В другой части (VII. De Cena) обнаруживаем:
Ex magna cena stomacho fit maxima poena. Ut sis nocte levis, sit tibi cena brevis.
Только фактами присутствия гомеотелевтона (т.е. совпадения грамматических форм у слов одной и той же части речи, ведущего к их звуковому уподоблению) такие рифмы объяснить нельзя. Примеры говорят о том, что литературные источники, подобные этой дидактической поэме, являлись потенциальными образцами для создания новой, рифмованной поэзии на романских языках. Далее «латинская» гипотеза дополнялась новыми фактами. Во-первых, ссылками на образцы рифмованной прозы, также имевшей хождение в предшествующие трубадурам века. Во-вторых, что важнее, ссылками на куда более ранние образцы рифмованных латинских стихов. Здесь многие интересные находки принадлежали английскому книжному антиквару и историку начала XIX в. Шэрону Тёрнеру. В предшествующие века считали, что открытие рифмы принадлежало арабам или итальянским латинистам VIII в., а он начал поиски примеров рифм, относящихся к тому же времени, но написанных на латыни в других частях Европы, а также европейских рифм более раннего времени.
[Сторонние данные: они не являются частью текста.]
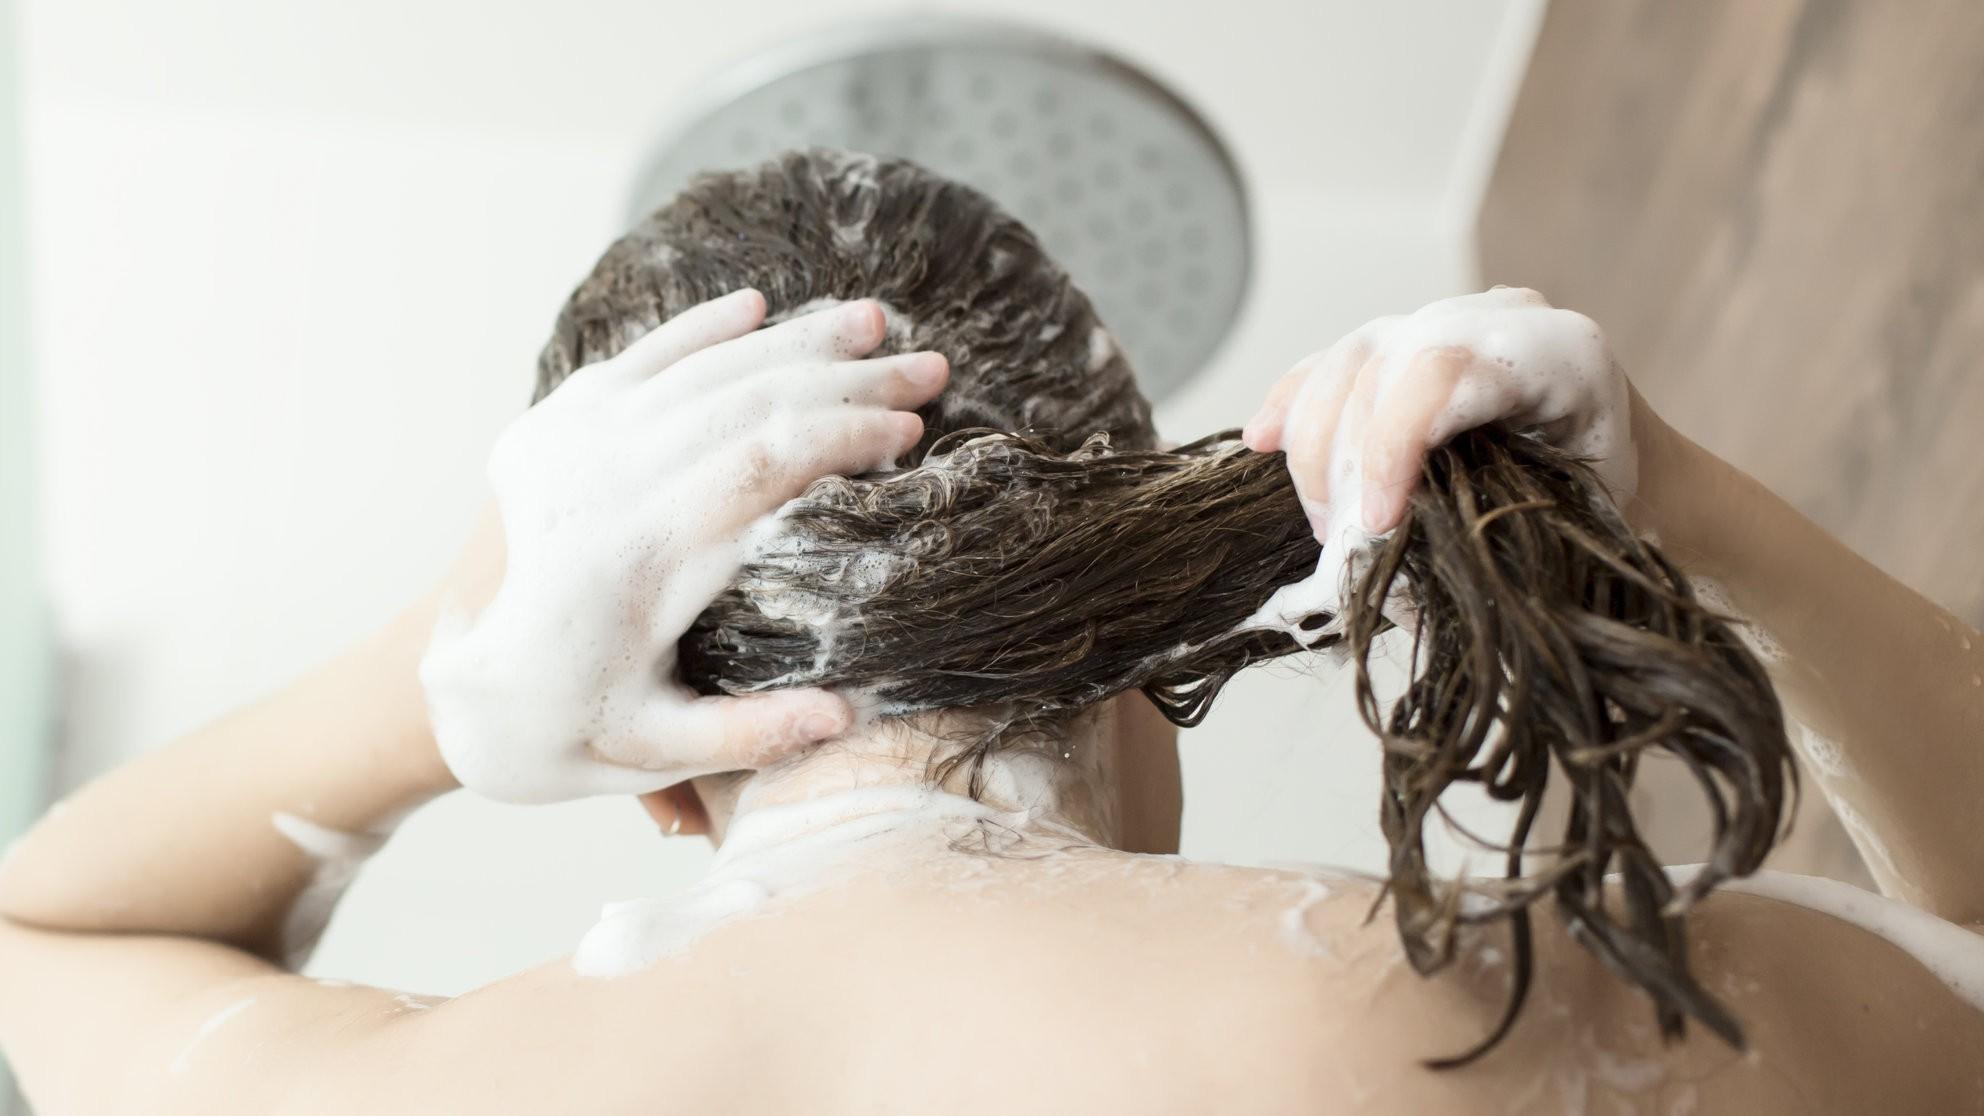 Tuổi dậy thì cần tránh những điều này để giảm bớt tình trạng tóc rụng suốt ngày - Ảnh 2.

И он обнаружил, в частности, что рифмами пользовались: англосаксонский миссионер Бонифаций, отправившийся цивилизовать германцев в первой половине VIII в., до него - англосаксонский епископ Альдхельм во второй половине VII в. (например, в длинном стихотворном послании к Герейнту, королю Корнуолла, - «Epistola ad Geruntium»), в первой половине VII в. - испанский епископ Эугений, одновременно с ним - Депраний Флор, а ещё раньше, в конце VI в. - Колумбан Ирландец (носивший то же имя, что было у его старшего современника, популярного ирландского святого) и Венанций Фортунат, бывший епископом Пуатье[3, c. 654-657]. Кроме того, Тёрнер столкнулся с неожиданными фактами существования европейской рифмованной поэзии на «варварских» языках в начале Средних веков, которые подтверждали и версию «самозарождения» рифмы в Европе. Первым в поле зрения исследователя попал поэт середины IX в. Отфрид, монах Вайссенбургского монастыря (на территории современного Эльзаса), писавший стихотворные переложения псалмов на франконском диалекте древневерхненемецкого языка. Действительно, с исторической точки зрения, творчество Отфрида крайне важно, ведь оно являет собой первый пример применения рифм в немецкой поэзии, причем тех же самых, что несправедливо получили название «леониновых»:
Lúdowig ther snéllo, thes wísduames fóllo, er óstarrichi ríhtit ál, so Fránkono kúning scal; Ubar Fránkono lant so gengit éllu sin giwalt, thaz ríhtit, so ih thir zéllu, thiu sin giwált ellu.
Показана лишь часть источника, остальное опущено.